Researchers from the Skolkovo Institute of Science and Technology (Moscow, Russia; www.skoltech.ru), Institute of Computer Science at Goethe University Frankfurt (Frankfurt, Germany; www.goethe-university-frankfurt.de/), and Philips Research (Eindhoven, The Netherlands; www.philips.com) have created a new method for anomaly detection in medical images.
The complexity of medical images such as X-ray or lymph node scans presents a significant challenge for deep learning-based vision systems and anomaly detection, according to the authors of the research paper, “Anomaly Detection in Medical Imaging With Deep Perceptual Autoencoders” (bit.ly/3Goojkv/), because these anomalies strongly resemble normal images.
Training current deep learning systems for anomaly detection would therefore require time-consuming and expensive dataset creation at the hands of specialized experts. Medical anomalies are also much rarer than normal data for such supervised analysis, compounding the difficulty. To solve the challenge, the researchers turned to autoencoders.
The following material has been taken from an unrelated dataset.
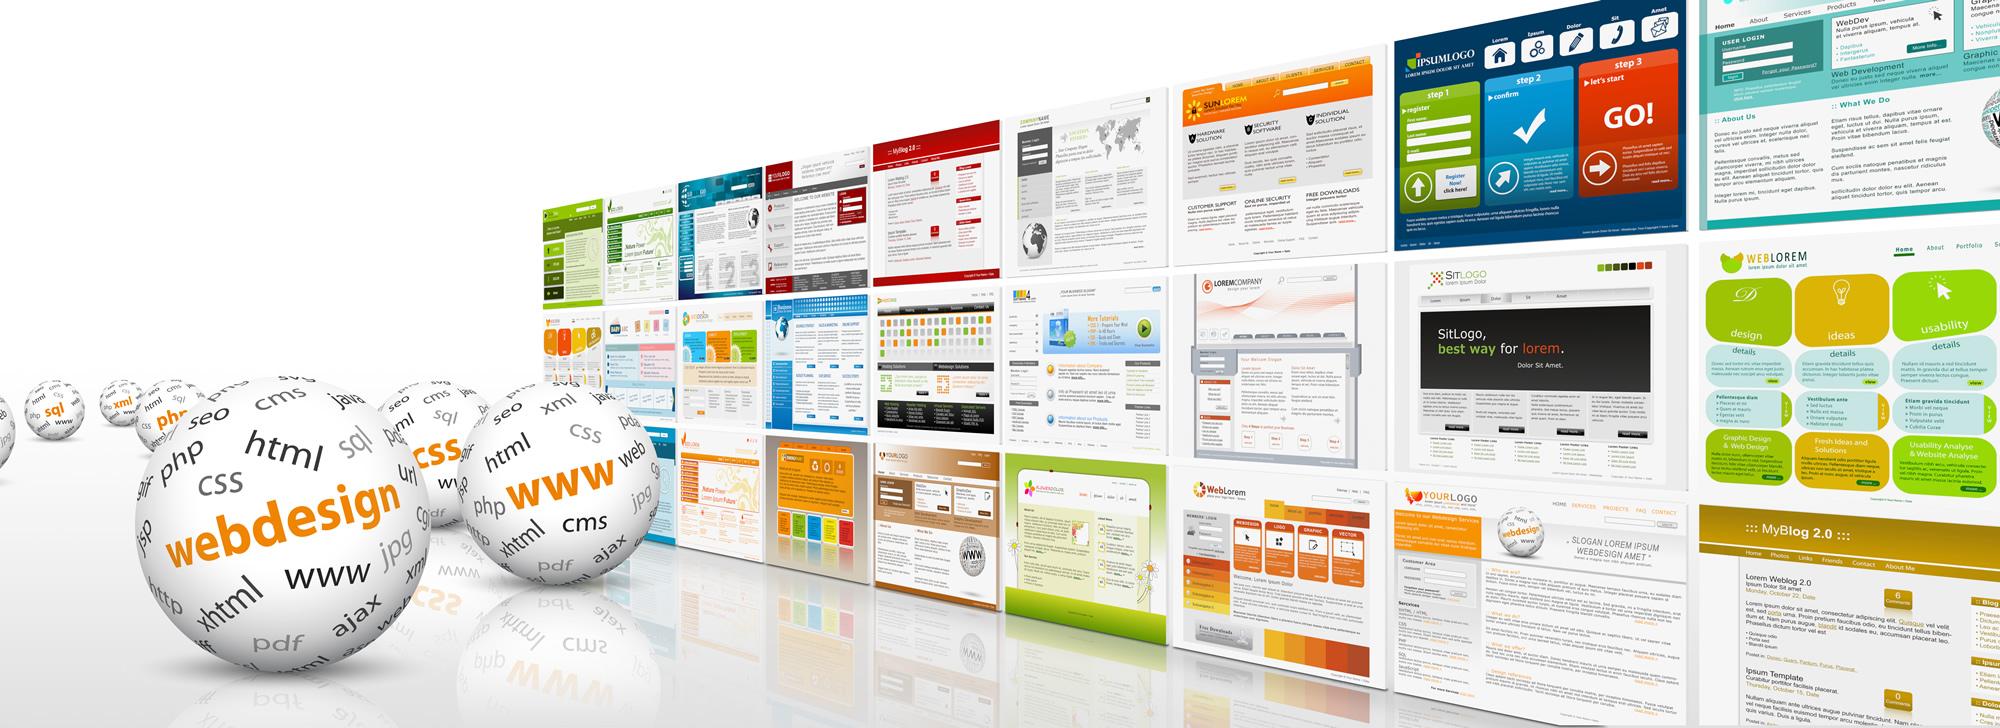 MD WEB Design

Autoencoders are a type of neural network (NN) that map input, in this case image data, into low-level representation and then reconstruct the original image. The process trains the NN to learn only the most critical or useful portions of the data needed to recreate an approximate representation of the original image.
In their study, the researchers trained an autoencoder to recognize the differences between the input medical images and the output reconstructions, or the perceptual loss, and then used the perceptual loss information only to train the anomaly detection model. In this way, the model had more flexibility in determining what normal data, i.e. images without abnormalities, looked like. Therefore, any sections of an image that still did not look normal, even when compared to such a flexible definition of what a normal image looks like, more likely identified as an anomaly.
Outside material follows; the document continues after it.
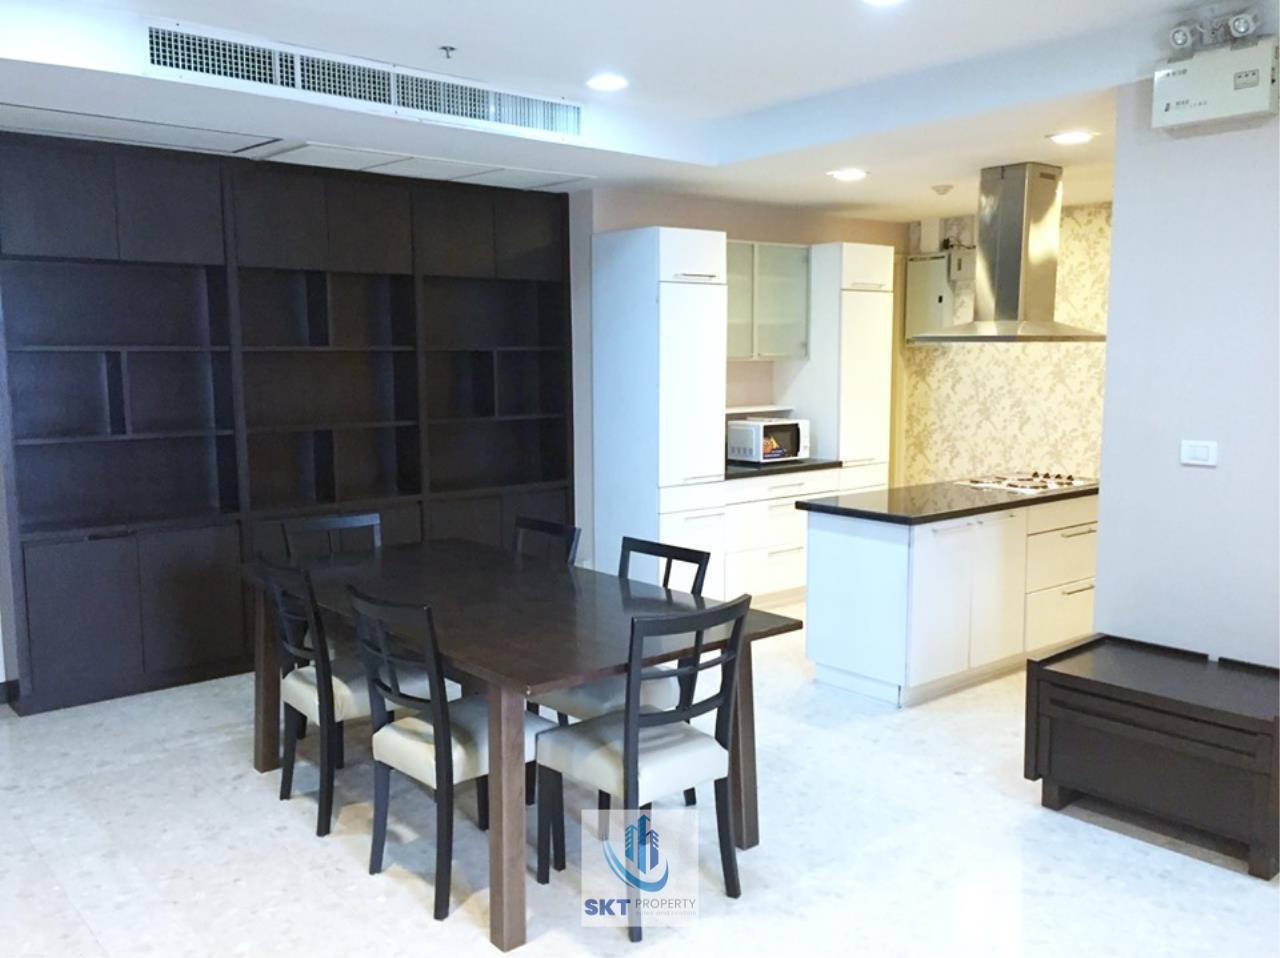 Sukritta Property Agency's Nusasiri grand condo neat BTS Ekamai 3

The progressive growing method first teaches a model how to recognize and then reconstruct low-resolution images. The images’ resolutions slowly increase until high resolution images are used. In this case, the method allowed the model to better understand the intricacies of the wide number of variables expressed in “normal” images. This, in turn, made the model more sensitive to anomalies of even very small pixel sizes.
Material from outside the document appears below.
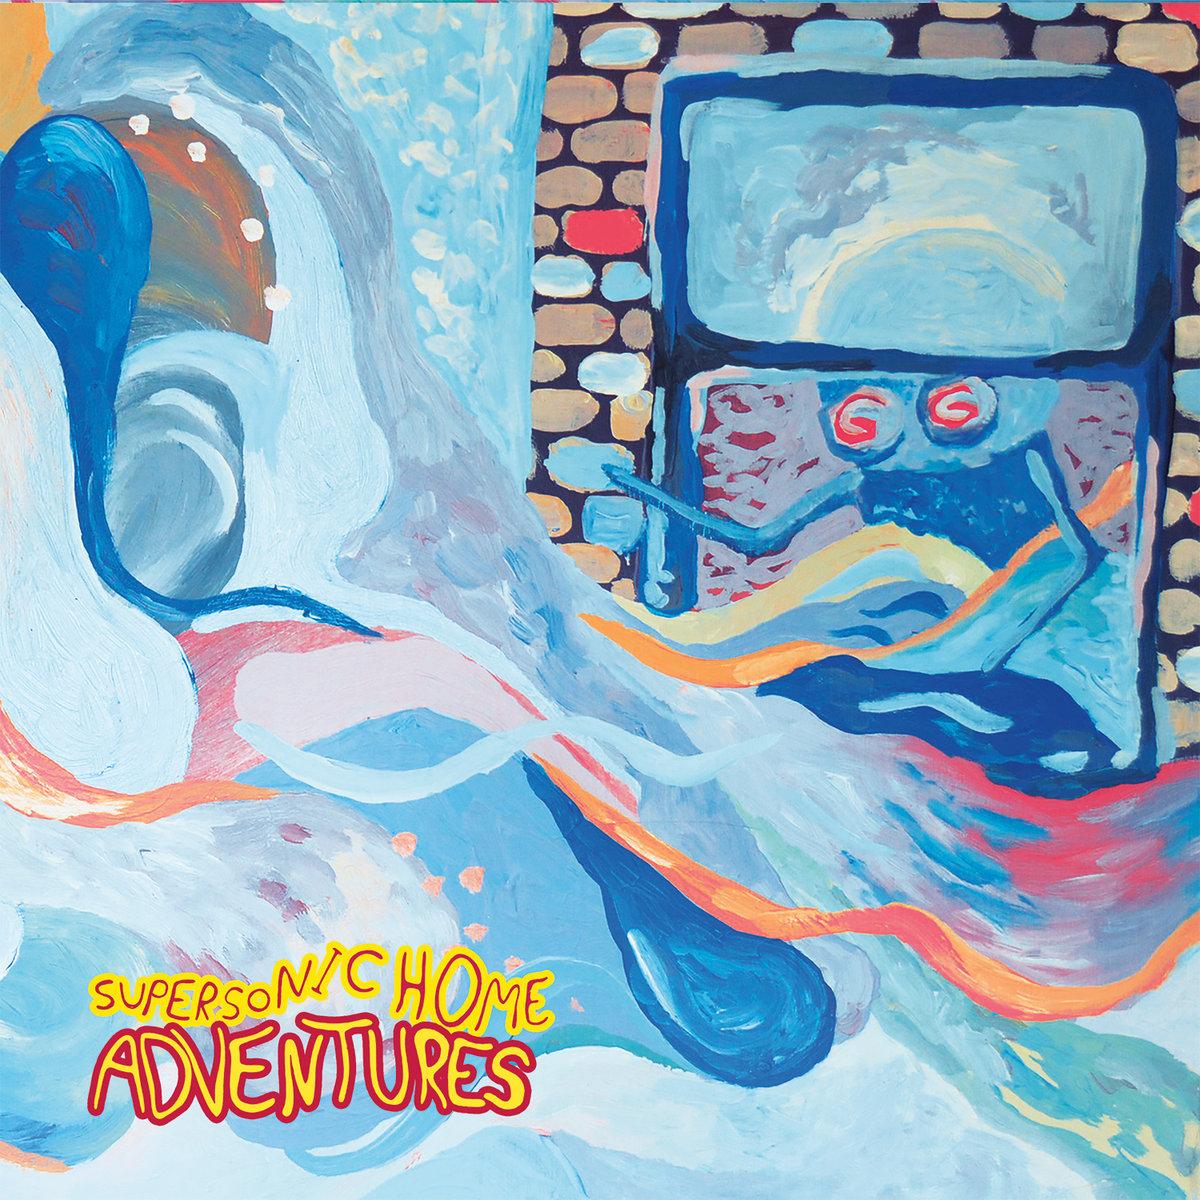 Adventures -

Finally, the researchers determined that including a limited number of carefully chosen annotated abnormality images in the training dataset allowed them to tune the model for higher accuracy. Doing so allowed the model to reject blatantly incorrect hyperparameters the model created to identify anomalies.
To test the new method, the researchers used the model to detect metastases in lymph nodes using the Camelyon16 dataset (www.camelyon16.grand-challenge.org/) and a subset of the NIH dataset for the detection of abnormalities in chest X-rays (bit.ly/NIHCC-XRAY).
The researchers’ model achieved 93.4% success on the lymph node scan analysis and 92.6% success on the X-ray scan analysis, outperforming current state-of-the-art methods by 2.8% and 5.2%, respectively. The researchers disclosed the source code for all their experiments.